Londres et Paris se livrent à une vraie joute verbale au sujet de l'impartialité du nouveau commissaire européen au Marché intérieur, Michel Barnier. A l'origine de cette tension, des propos de Nicolas Sarkozy sur le "triomphe" des idées françaises.
AFP - A peine désigné, le nouveau commissaire européen chargé de la régulation financière, Michel Barnier, a reçu une mise en garde de Londres, prêt à se défendre bec et ongles face à un homme qu'elle voit comme le porte-drapeau d'une offensive française contre la prééminence de la City.
"Londres, qu'on le veuille ou non, est la seule place qui rivalise véritablement avec New York", et "il est dans l'intérêt de toute l'Europe qu'elle puisse prospérer", a plaidé le ministre britannique des Finances Alistair Darling, dans une tribune publiée mercredi dans le Times.
Il y prévient M. Barnier des dangers d'une régulation trop lourde, que les Britanniques accusent la France de vouloir mettre en place au détriment de l'approche plus souple en vigueur dans le monde financier anglo-saxon.
"Nous risquons de perdre des activités au profit d'autres juridictions moins réglementées", déplore M. Darling.
Cette tribune est publiée le jour-même d'une réunion à Bruxelles des ministres des Finances de l'UE, qui devait aborder la question de la réforme de la régulation. Elle laisse augurer de discussions mouvementées entre le ministre britannique, et son homologue française Christine Lagarde, qui devaient s'entretenir en tête-à-tête.
Les tensions franco-britanniques ont été attisées par des propos du président de la République Nicolas Sarkozy, qui ont sonné comme une provocation de l'autre côté de la Manche.
Les Britanniques estiment que le chef de l'Etat français a jeté de l'huile sur le feu en présentant la nomination de M. Barnier comme un "triomphe" de la régulation à la française, et en déclarant au journal le Monde que "les Anglais sont les grands perdants de l'affaire".
Ces déclarations ont fait très mauvais effet dans la City, où la désignation de M. Barnier comme superviseur en chef de la finance est perçue comme un camouflet sans précédent.

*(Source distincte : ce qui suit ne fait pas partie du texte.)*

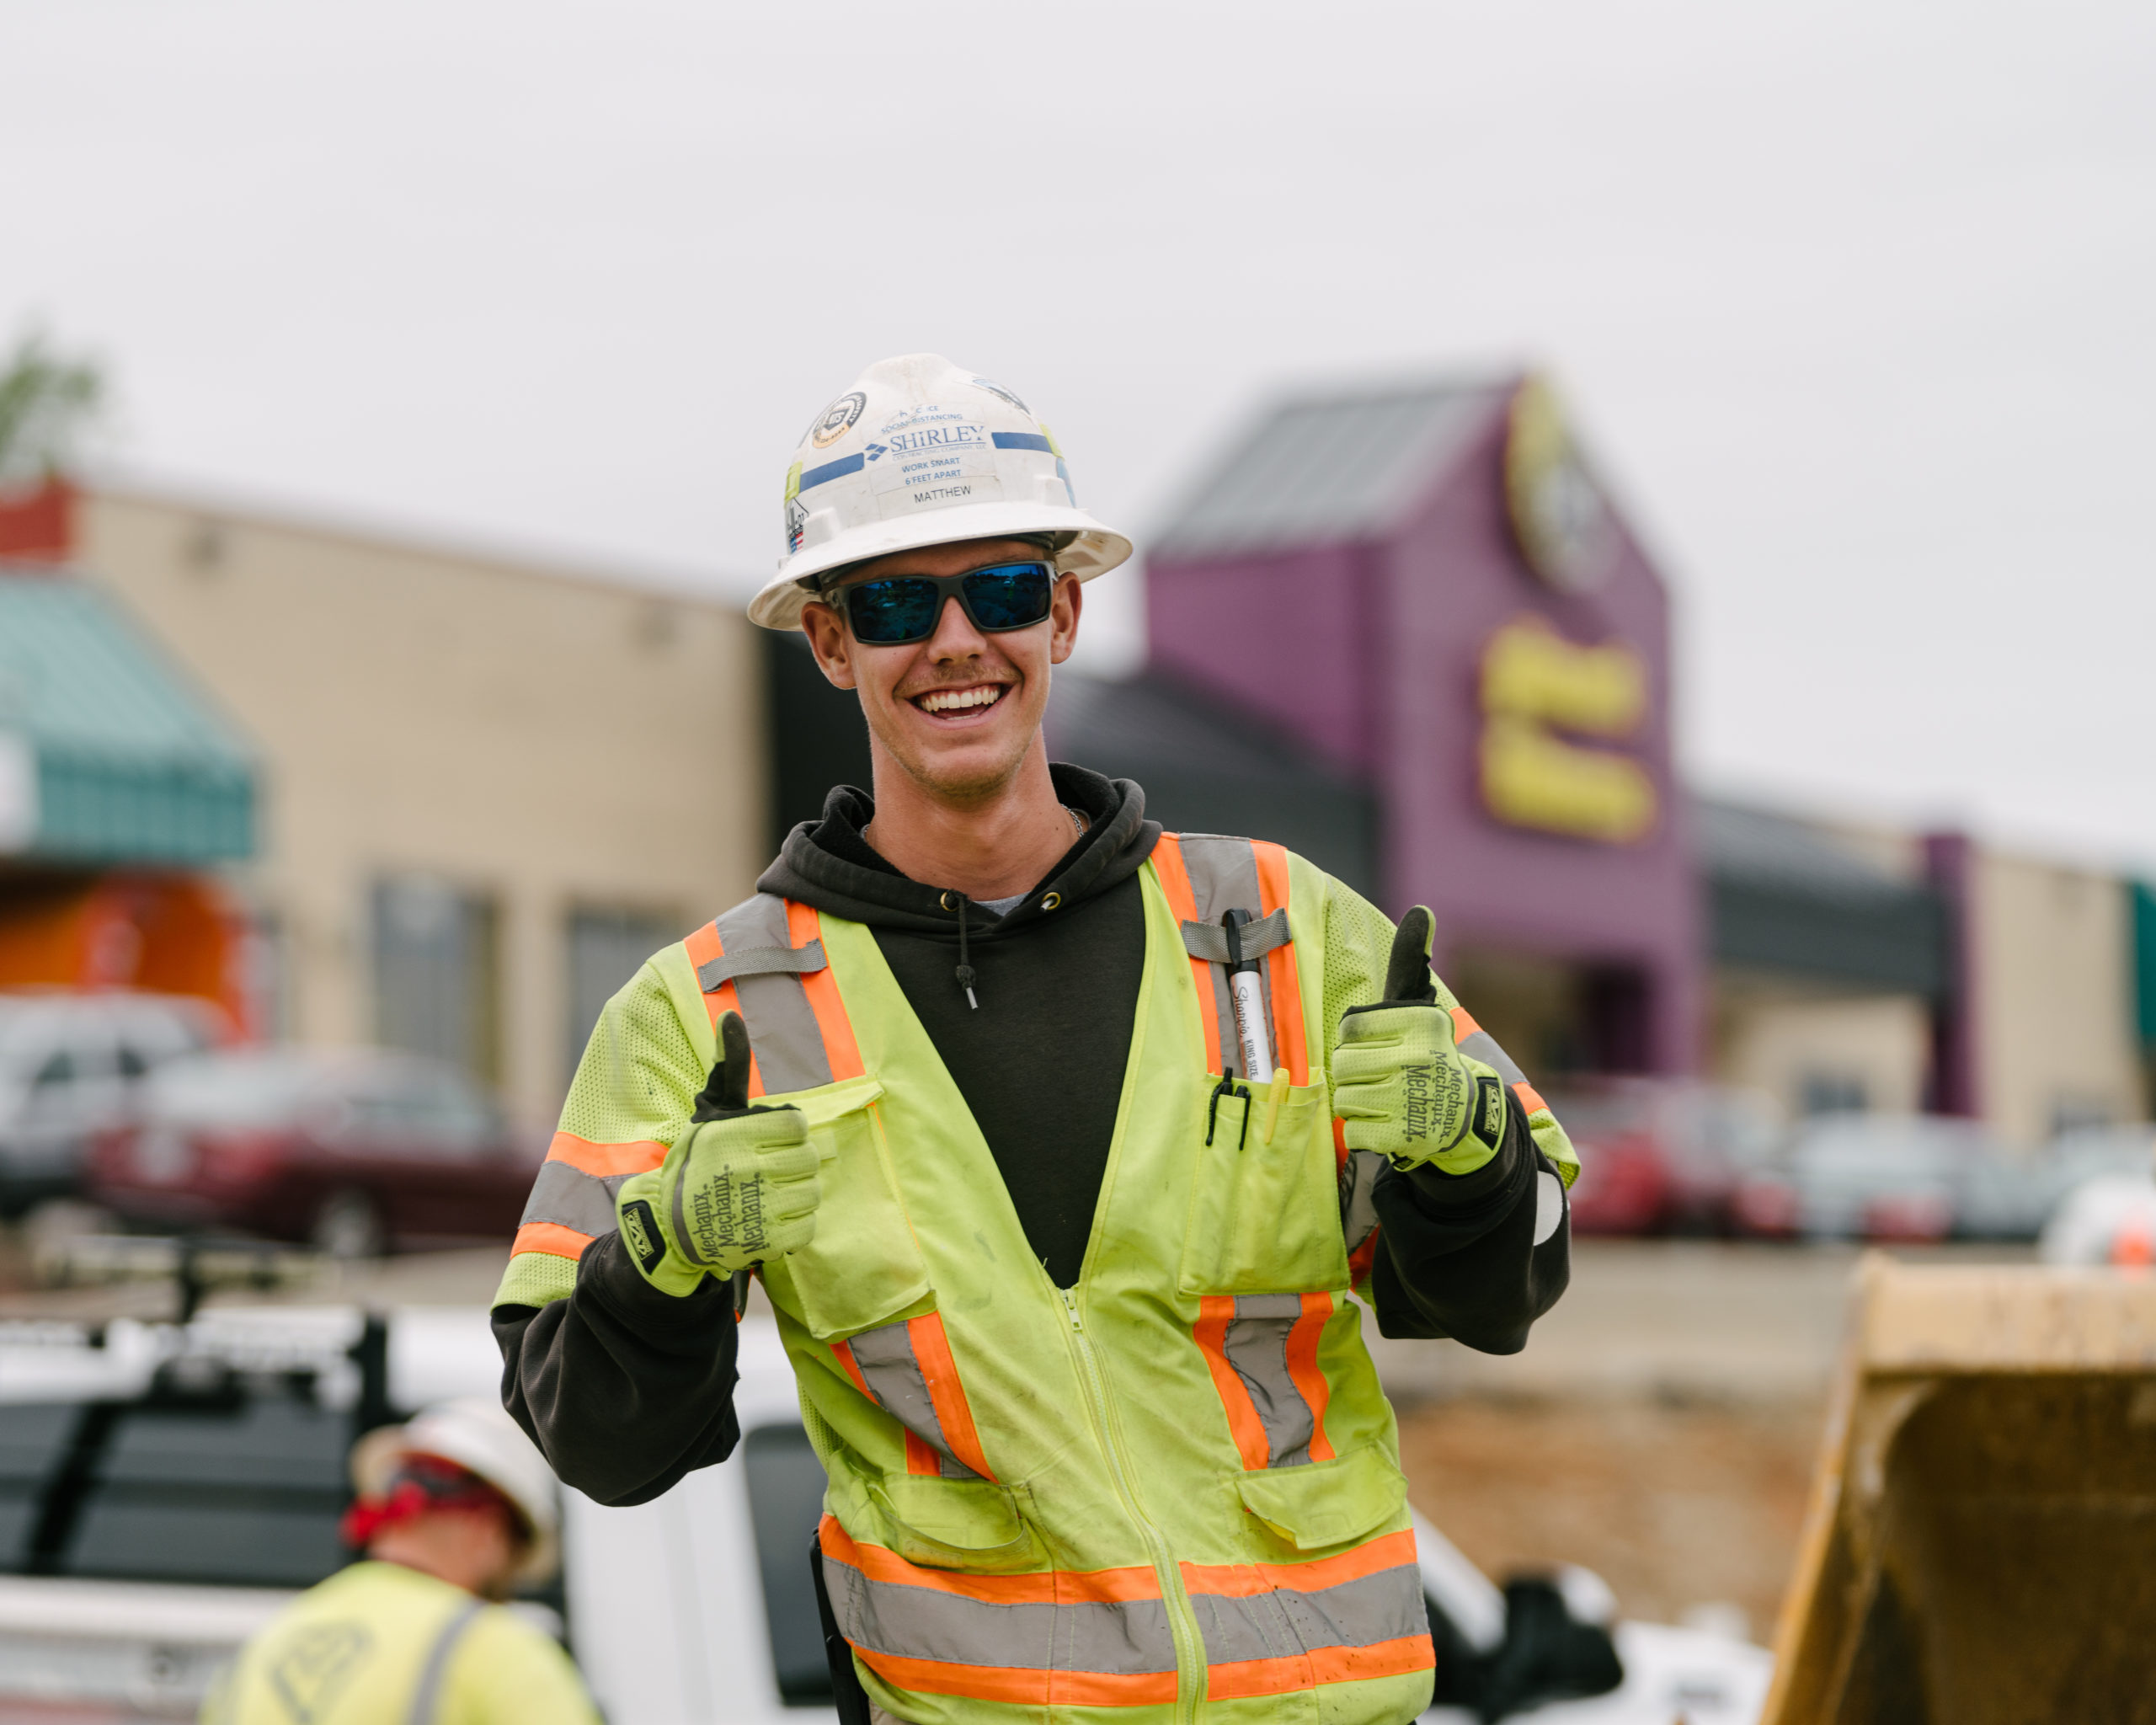 Smiling worker giving two thumbs up to the camera

"Ce processus de régulation européen est conçu pour éradiquer à jamais l'avantage compétitif chèrement conquis, dont jouissent les marchés financiers britanniques depuis de nombreuses années", a déploré ainsi Howard Wheeldon, stratégiste du cabinet BGC Partners, qualifiant les propos de M. Sarkozy d'"arrogants, déplacés et fort peu diplomatiques".

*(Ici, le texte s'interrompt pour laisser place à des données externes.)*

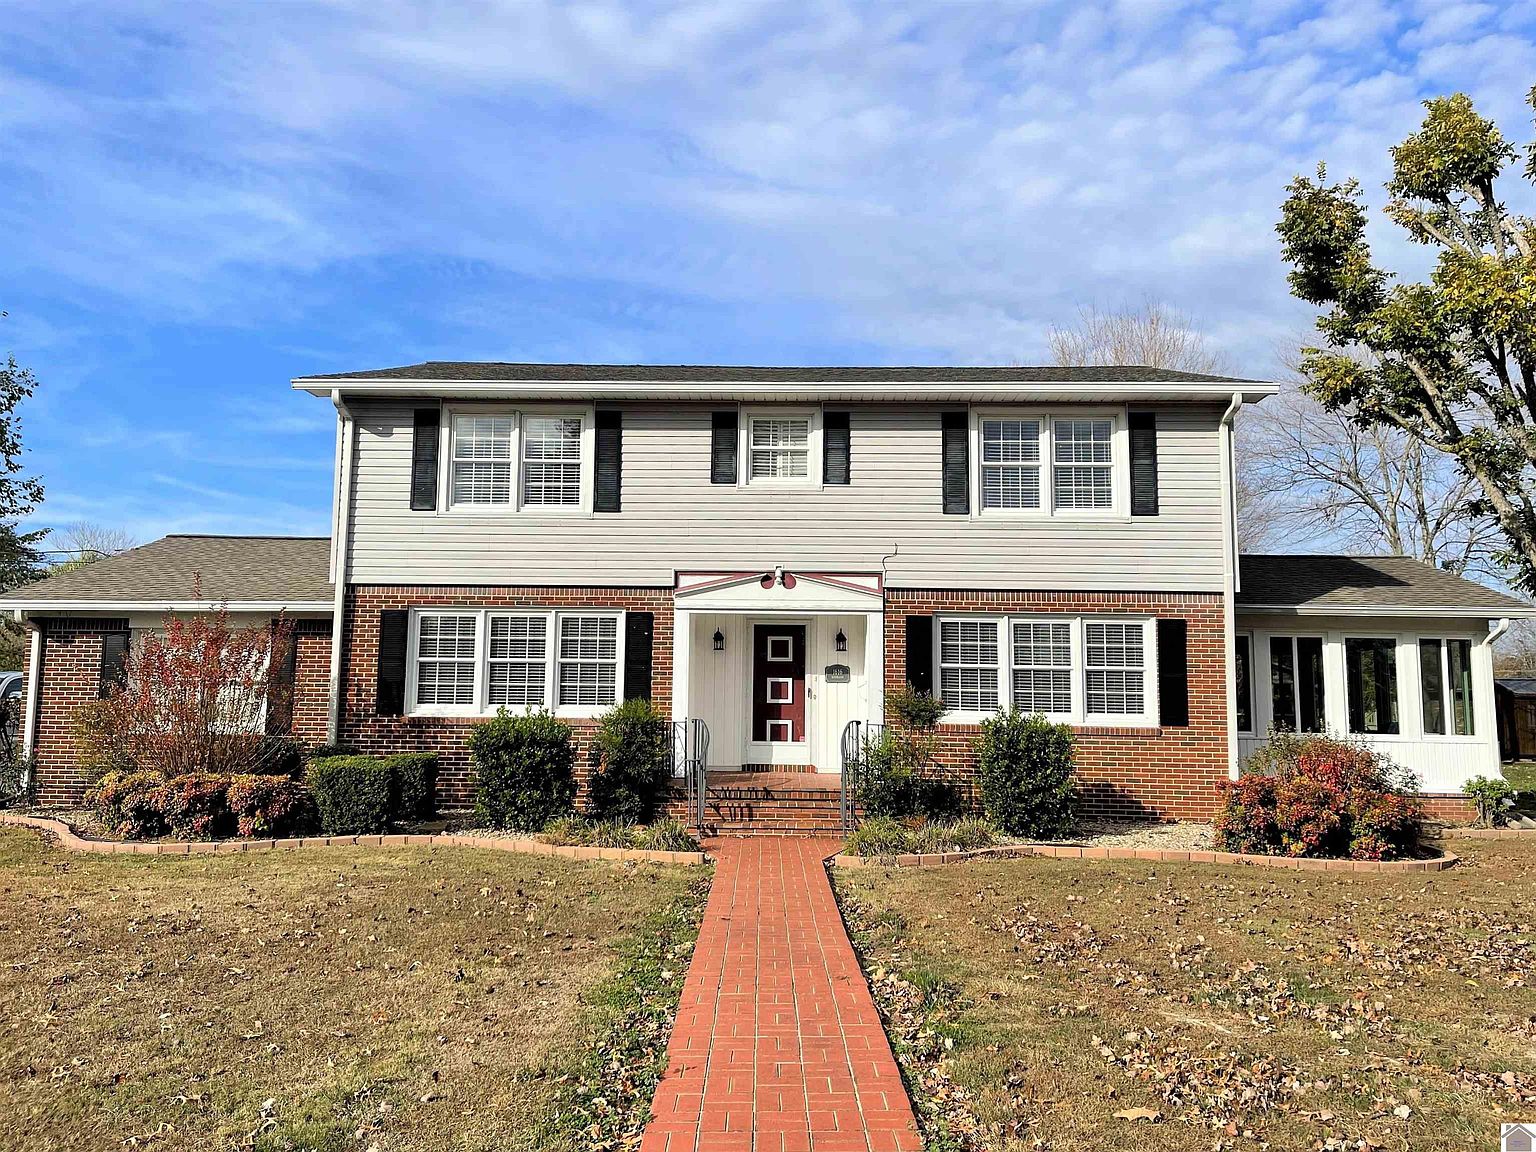 1616 Keenland Dr, Murray, KY 42071 | Zillow

La presse a elle aussi été prompte à s'offusquer de l'attitude de Paris. Le Daily Telegraph a décrit M. Barnier comme un "béni-oui-oui de Nicolas Sarkozy", tandis que le Times a consacré mercredi une double page à cette affaire, qu'il présentait presque comme un nouvel épisode de la Guerre de Cent ans.
"L'Histoire se répète, avec la nouvelle attaque française contre la City", a titré le journal, comparant "l'antipathie" du président Sarkozy à l'égard de Londres à celle autrefois affichée par le général de Gaulle ou même... Napoléon.
Une des rares voix discordantes a été celle du patron du gendarme des marchés, Adair Turner, qui a mis ces inquiétudes sur le compte de la traditionnelle rivalité franco-britannique, et appelé à surmonter ces clichés.
"Nous avons été alliés, mais aussi ennemis depuis tellement de siècles (...) que nous avons du mal à sortir des caricatures", a-t-il déclaré dans un entretien à la chaîne d'information France 24, se disant "sûr que M. Barnier essaierait de mettre au point une régulation qui soit bonne pour toute l'Europe".
Face à cette colère grandissante des Britanniques, le président Sarkozy s'est engagé samedi à venir à Londres pour "rassurer la City".
M. Barnier lui-même a assuré sur Europe 1 lundi "connaître l'importance de la City, cette place financière majeure pour la croissance du Royaume-Uni et pour l'économie de l'Europe toute entière".